Pelecehan seksual dapat terjadi secara verbal maupun non-verbal. Oleh karena itu, penting bagi kita mengetahui tanda-tanda pelecehan seksual dan jangan ragu untuk berbicara dengan orang yang dipercaya mengenai situasi yang sedang dialami. Jika mengalami pelecehan seksual, jangan sekali-kali untuk menyalahkan diri sendiri atau merasa malu meminta bantuan. Segera cari bantuan dari sumber-sumber yang dapat membantu mengatasi situasi tersebut, seperti keluarga, teman, atau lembaga yang menangani pelecehan seksual. Ingatlah bahwa korban tidak sendiri dan korban berhak untuk merasa aman dan terlindungi dari pelecehan seksual.
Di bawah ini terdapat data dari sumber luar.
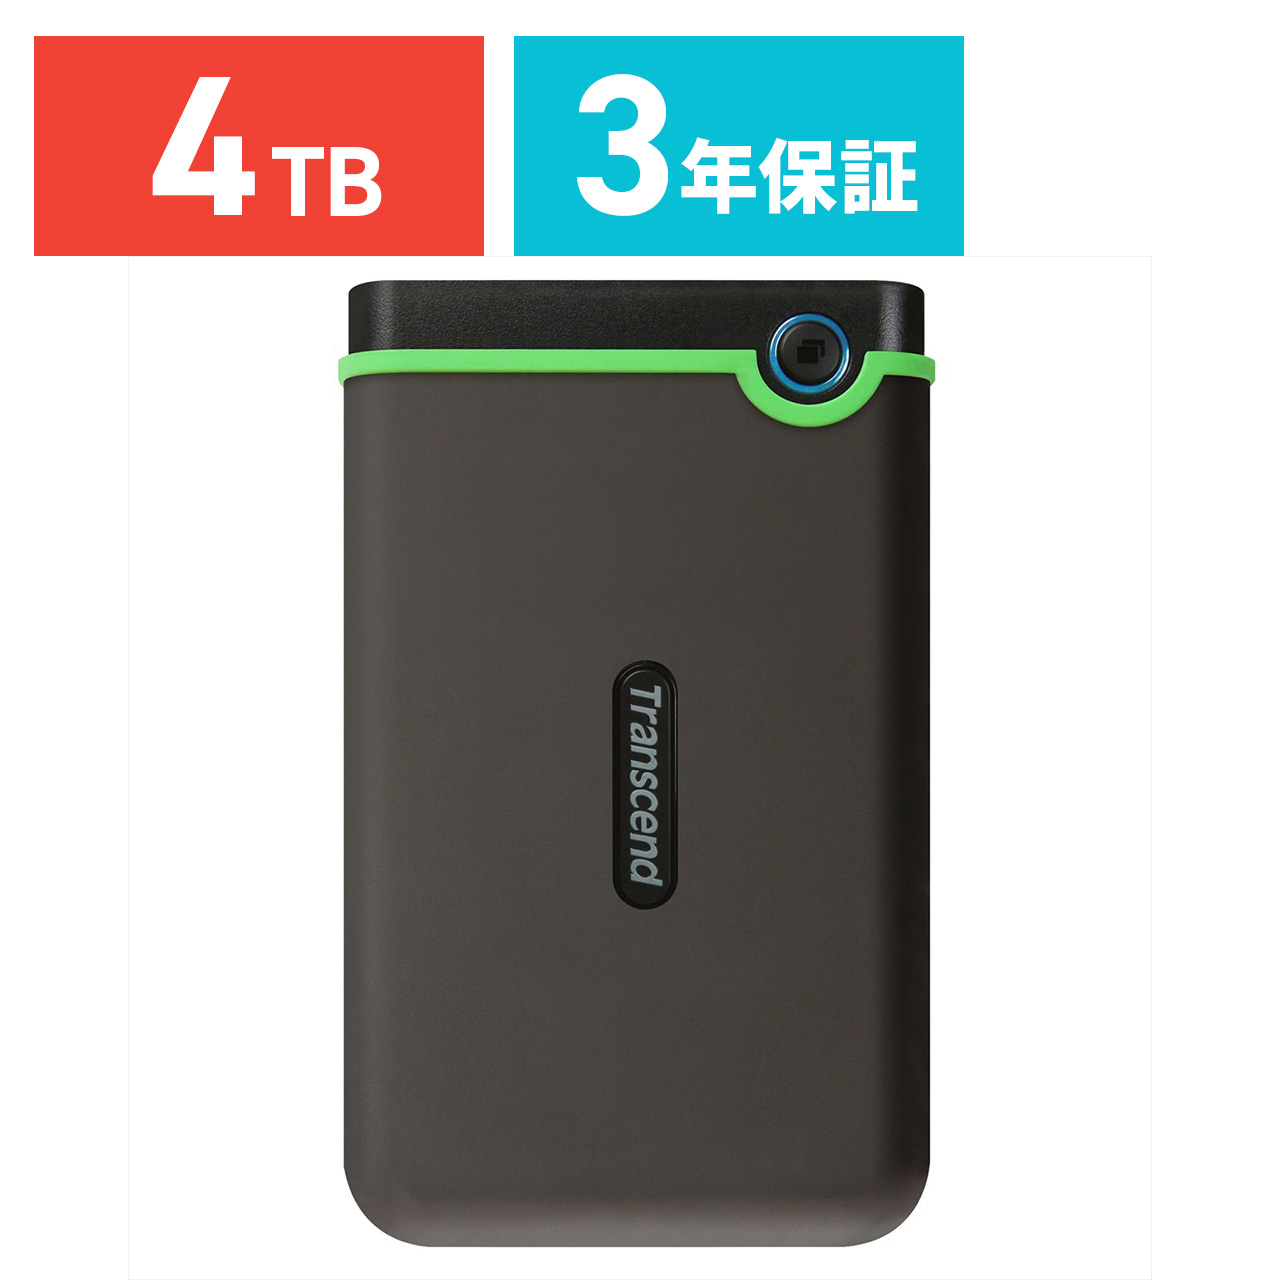 Amazon.co.jp: 短いUSBCケーブル30cm、 [3本 0.3m] Galaxy S10 S9 S8 Plus Note 9  8、パワーバンクおよびその他のタイプcデバイス用のUSB-C充電器急速充電コード… : パソコン・周辺機器
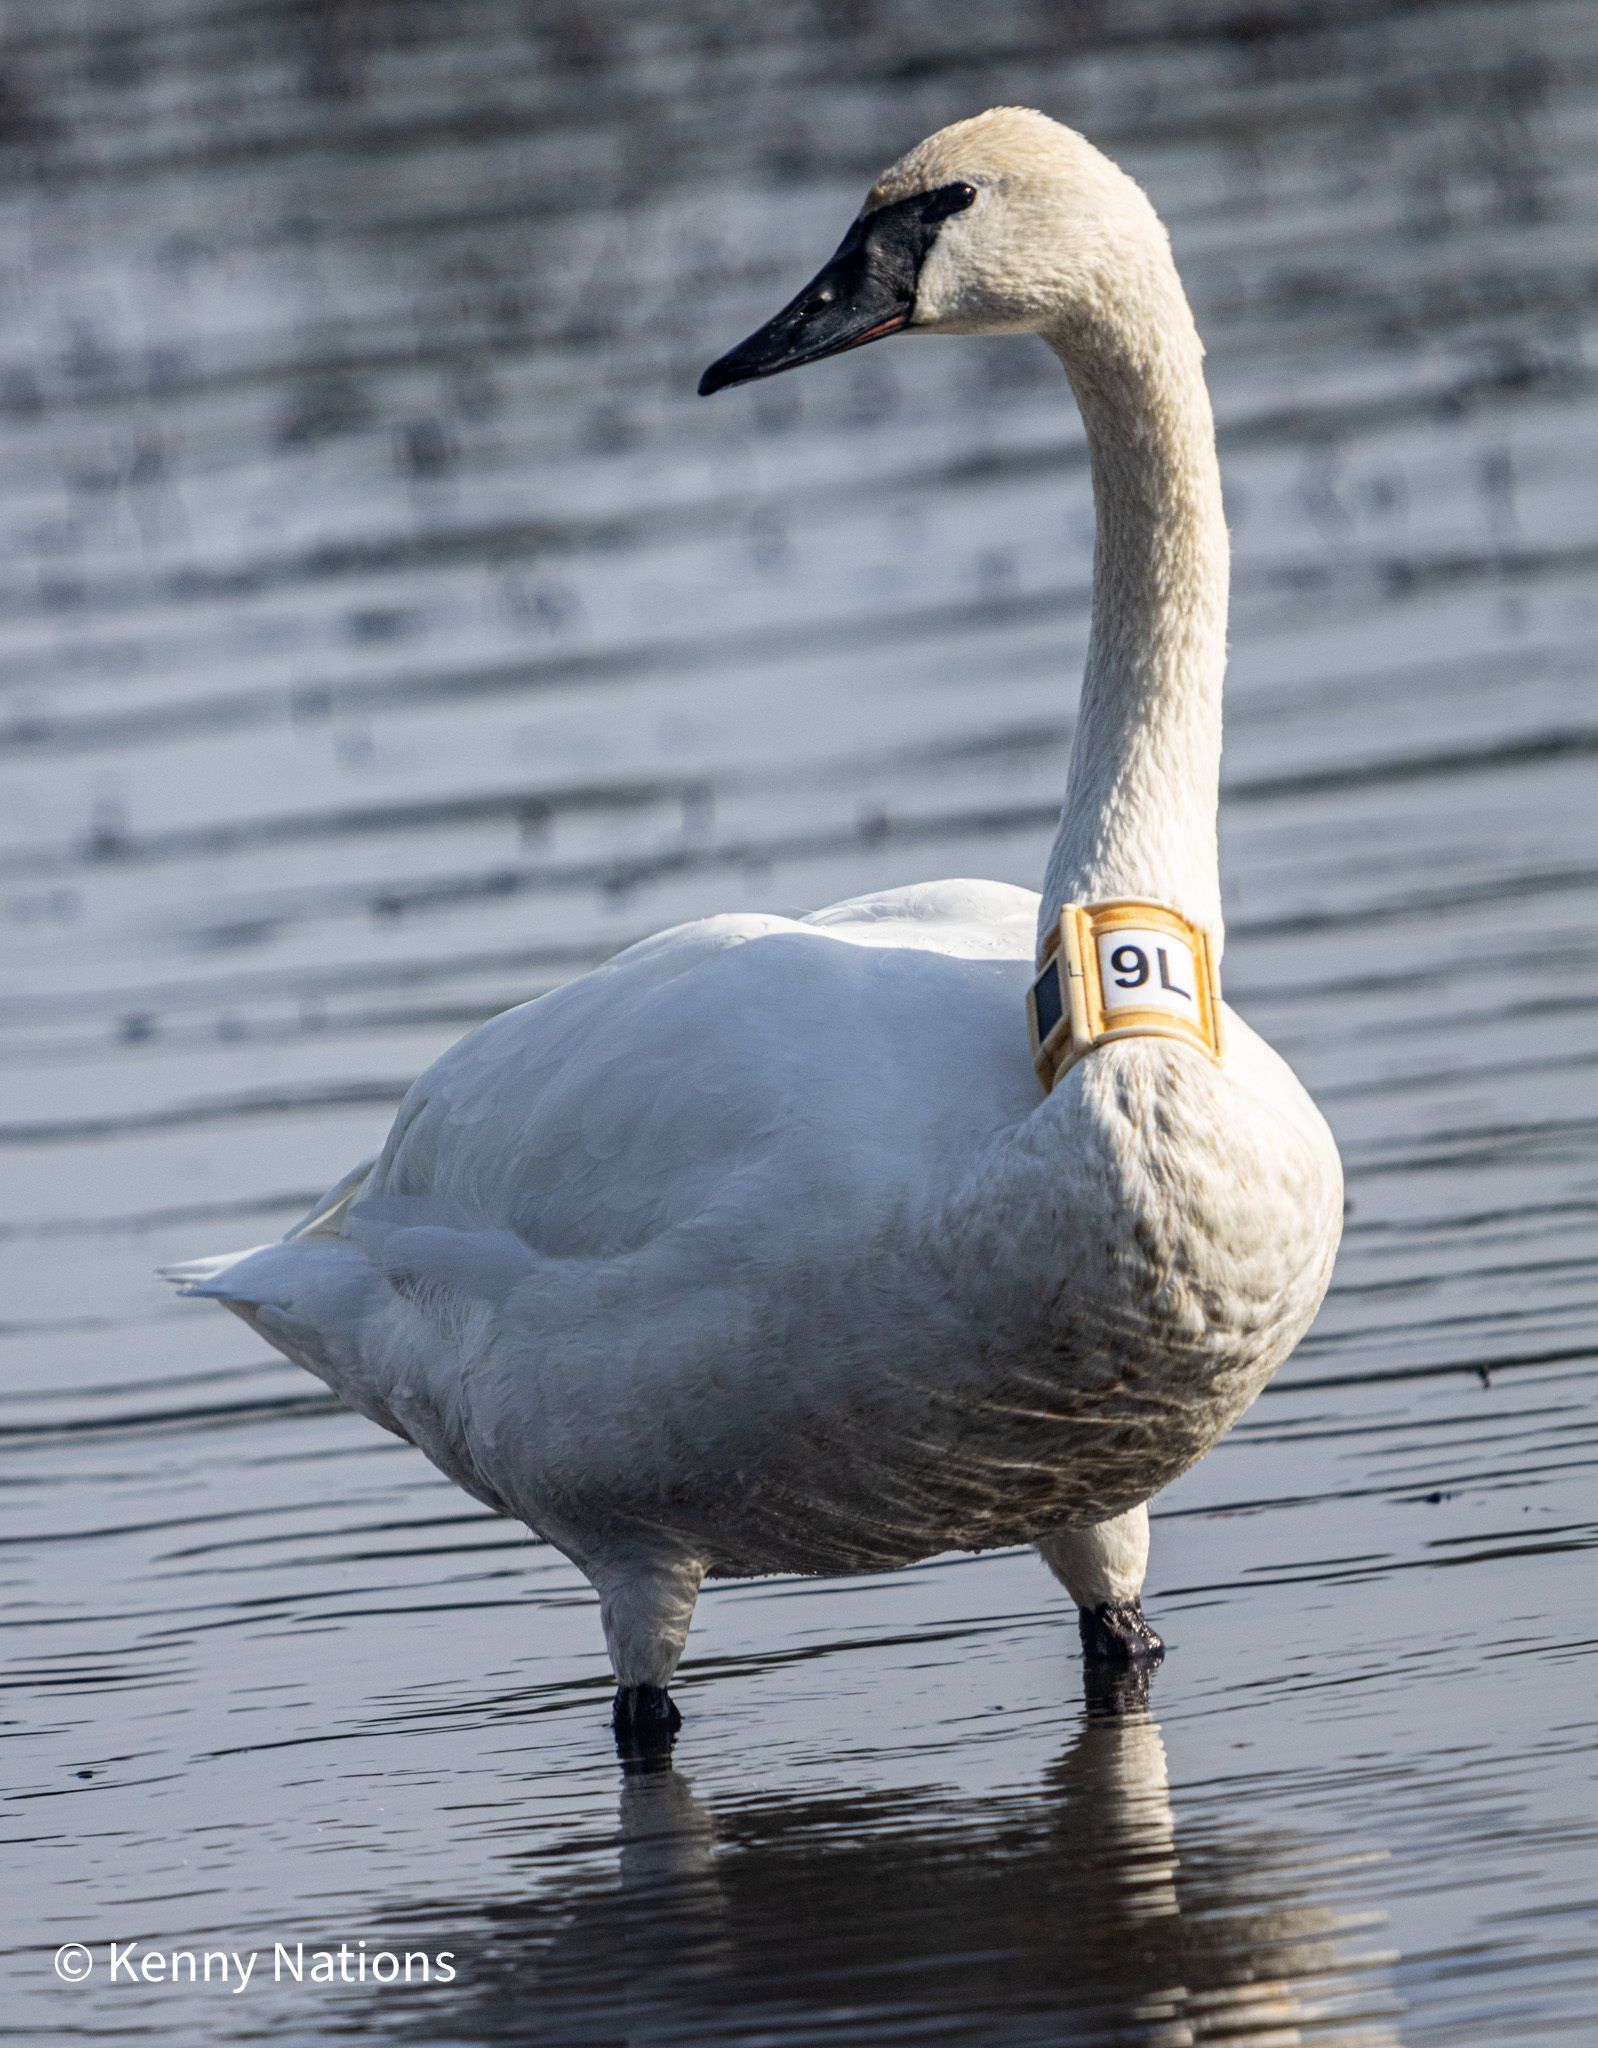 Female swan 9L returns to Heber Springs Arkansas for her third year

Dalam menghadapi kasus pelecehan seksual, kita perlu menegakkan nilai-nilai yang berlandaskan pada rasa hormat dan kesetaraan antara manusia. Kita semua memiliki tanggung jawab untuk mencegah dan memberantas pelecehan seksual agar tidak terjadi lagi di masa depan. Dengan memahami pentingnya pendidikan tentang pelecehan seksual dan terus mengedukasi diri, kita dapat menciptakan lingkungan yang lebih aman dan terbebas dari pelecehan seksual.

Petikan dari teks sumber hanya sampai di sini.